I was looking at the description of a derangement that states "a derangement is a permutation of the elements of a set such that none of the elements appear in their original position". But then it gave 9 derangements for a set of 4 items. That doesn't make sense to me, because I only get 4 discrete sets from 4 items.

For example:

1234 3142 2413 4321

Is there a different term than derangement for sets where the numbers don't have the same order as in any other set, based on a particular number of items?

And does anyone know of an algorithm for generating the derangements?

+4  A: 

The nine derangements are:

2143
2341
2413
3142
3412
3421
4123
4312
4321

As you can see, column 1 does not contain 1, column 2 does not contain 2 and so on. In addition, every row has the numbers 1, 2, 3 and 4 and there are no duplicates (they're sorted to make that easier to detect).

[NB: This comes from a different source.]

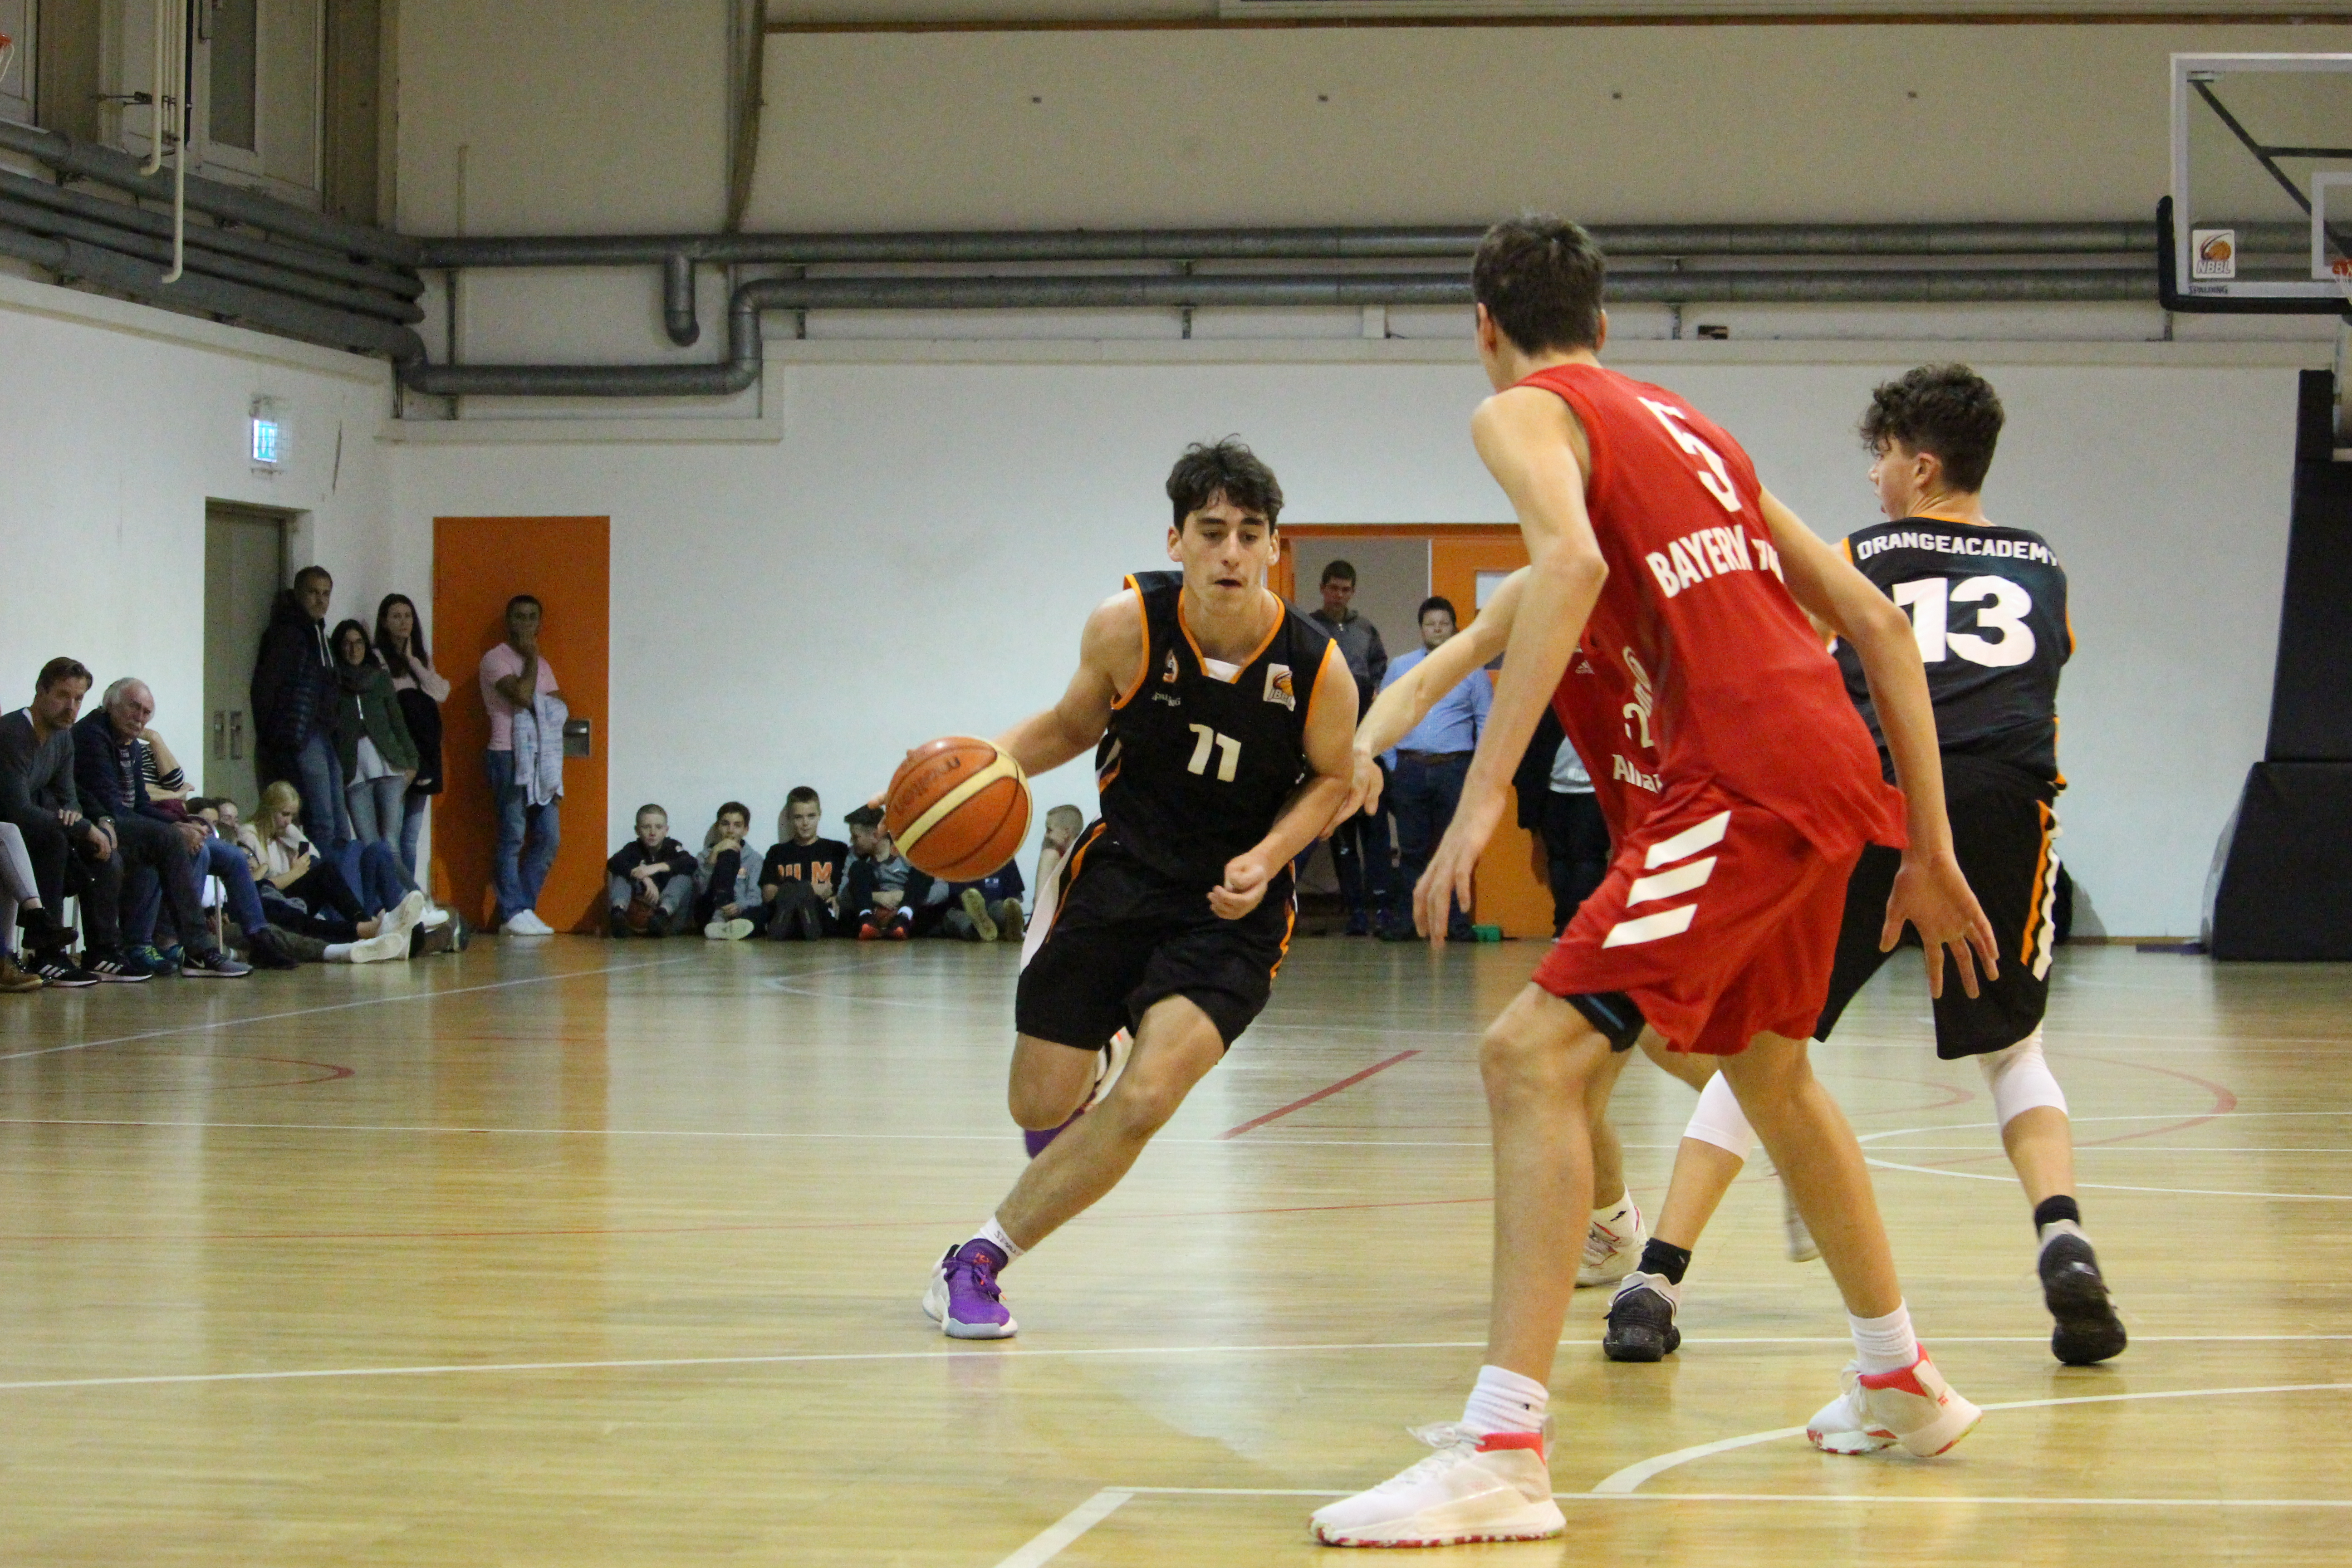 JBBL_19-20_OrangeAcademy_FC-Bayern-München-Basketball_Spieltag7_Jon-Ukaj

For what it's worth, that was discovered with a brute force attack (the attack space was relatively small):

#include <stdio.h>

int main (void) {
    int a, b, c, d, skip;

    for (a = 1; a <= 4; a++) {
        for (b = 1; b <= 4; b++) {
            for (c = 1; c <= 4; c++) {
                for (d = 1; d <= 4; d++) {
                    skip  = (a==1) || (b==2) || (c==3) || (d==4);
                    skip |= (a==b) || (a==c) || (a==d);
                    skip |= (b==c) || (b==d);
                    skip |= (c==d);
                    if (!skip) {
                        printf ("%d%d%d%d\n", a, b, c, d);
                    }
                }
            }
        }
    }
    return 0;
}
paxdiablo
Thanks for illustrating that.
op1
A: 

It turned out that I was looking for a complete latin square (row-complete and or column-complete). I had already coded an algorithm to detect those, but didn't know if this kind of thing had a name. That's it, thanks.